For most people, Catholic churches and college fraternity houses evoke images and connotations that could not possibly be more different.

In an unprecedented transaction, a chapter of the Phi Sigma Kappa fraternity located at Rensselaer Polytechnic Institute in Troy is currently under contract with the Albany Diocese to purchase the recently closed St. Francis de Sales Church and rectory in Troy.

According to Noel Olsen, director of real property for the Diocese, the fraternity approached the diocese as an interested buyer before the church officially closed Feb. 1. 

The Diocese continued to list the building on the market as planned, allowing for offers from other potential buyers, but ultimately awarded the contract to Phi Sigma Kappa.

Keeping in mind the stereotypes typically associated with college fraternities, Mr. Olsen said the Diocese checked carefully into the fraternity's history and standings. 

"We did a considerable amount of research," he said, adding that the fraternity is "dry," meaning that it prohibits alcohol in the chapter house. 

Diocesan officials held several meetings with current fraternity brothers to discuss their intentions for the building, and to ensure "they were going to use it [in a way that] is respectful of the Church."

The fraternity brothers plan to live in the rectory while using the church building for meals, meetings and social functions. They also promised to make the building available to the community for meetings and events.

The RPI chapter of Phi Sigma Kappa consists of 12 undergraduate members. 

According to their information materials, their chapter has been ranked in the top 10 percent of Greek fraternities at RPI for the past several years. 

Information from the fraternity also notes that its property and school taxes, as well as the fraternity's consumer presence in the neighborhood, will contribute to the local economy.

Additionally, fraternity members pledge to perform 20 hours of community service each year. The fraternity brothers expressed interest in participating in community groups in their new neighborhood, including the Friends of Prospect Park. 
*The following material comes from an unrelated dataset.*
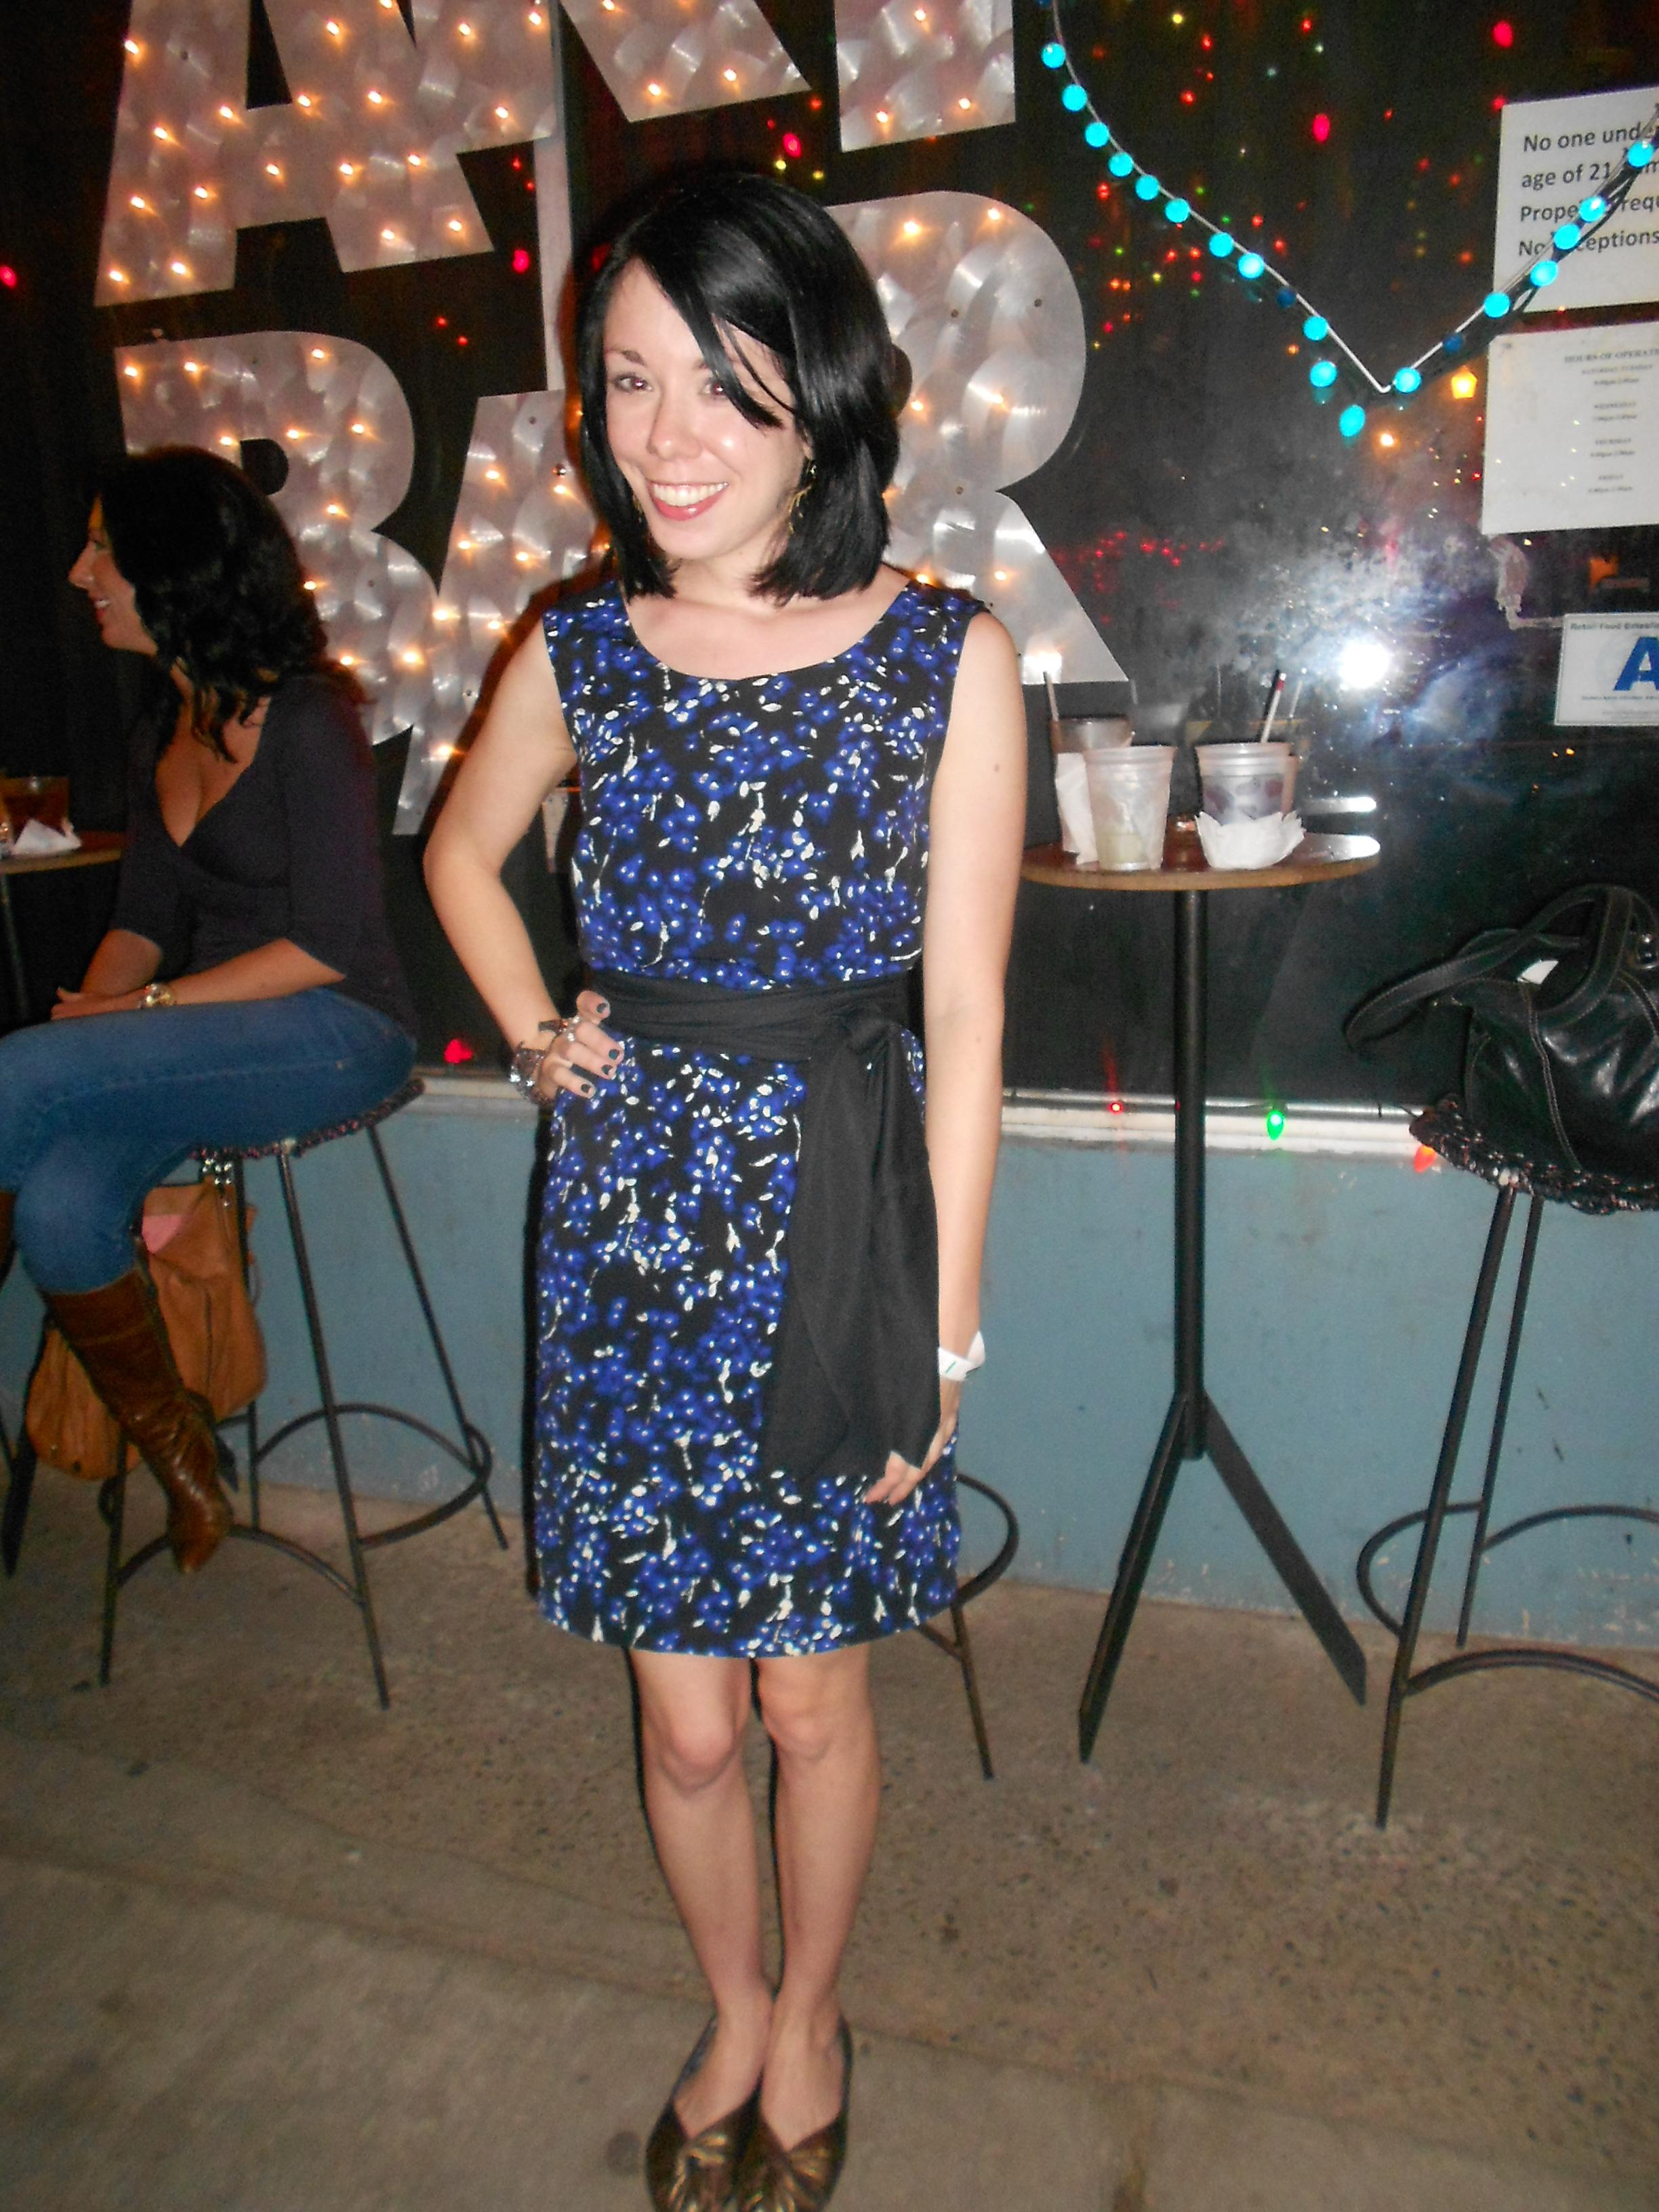 Day 267: Jackson Pollock Dress 6

Phi Sigma Kappa is currently without a chapter house at RPI. They say they are "committed to preserving the architecture and maintaining the [St. Francis de Sales] property."

On Aug. 6, the fraternity held a community open house at the church building to discuss concerns with the public, including former parishioners at St. Francis de Sales. 

Said Mr. Olsen: "From our standpoint, we were satisfied that it was an unusual but good use for the church."

Editor's note: By the end of Called to be Church, the diocesan realignment of parishes, 33 churches will close and most of their buildings sold. In recent decades, others have already been converted by new owners to shelters, schools, treatment programs and Protestant churches. The Evangelist will periodically profile some of these buildings in their new lives.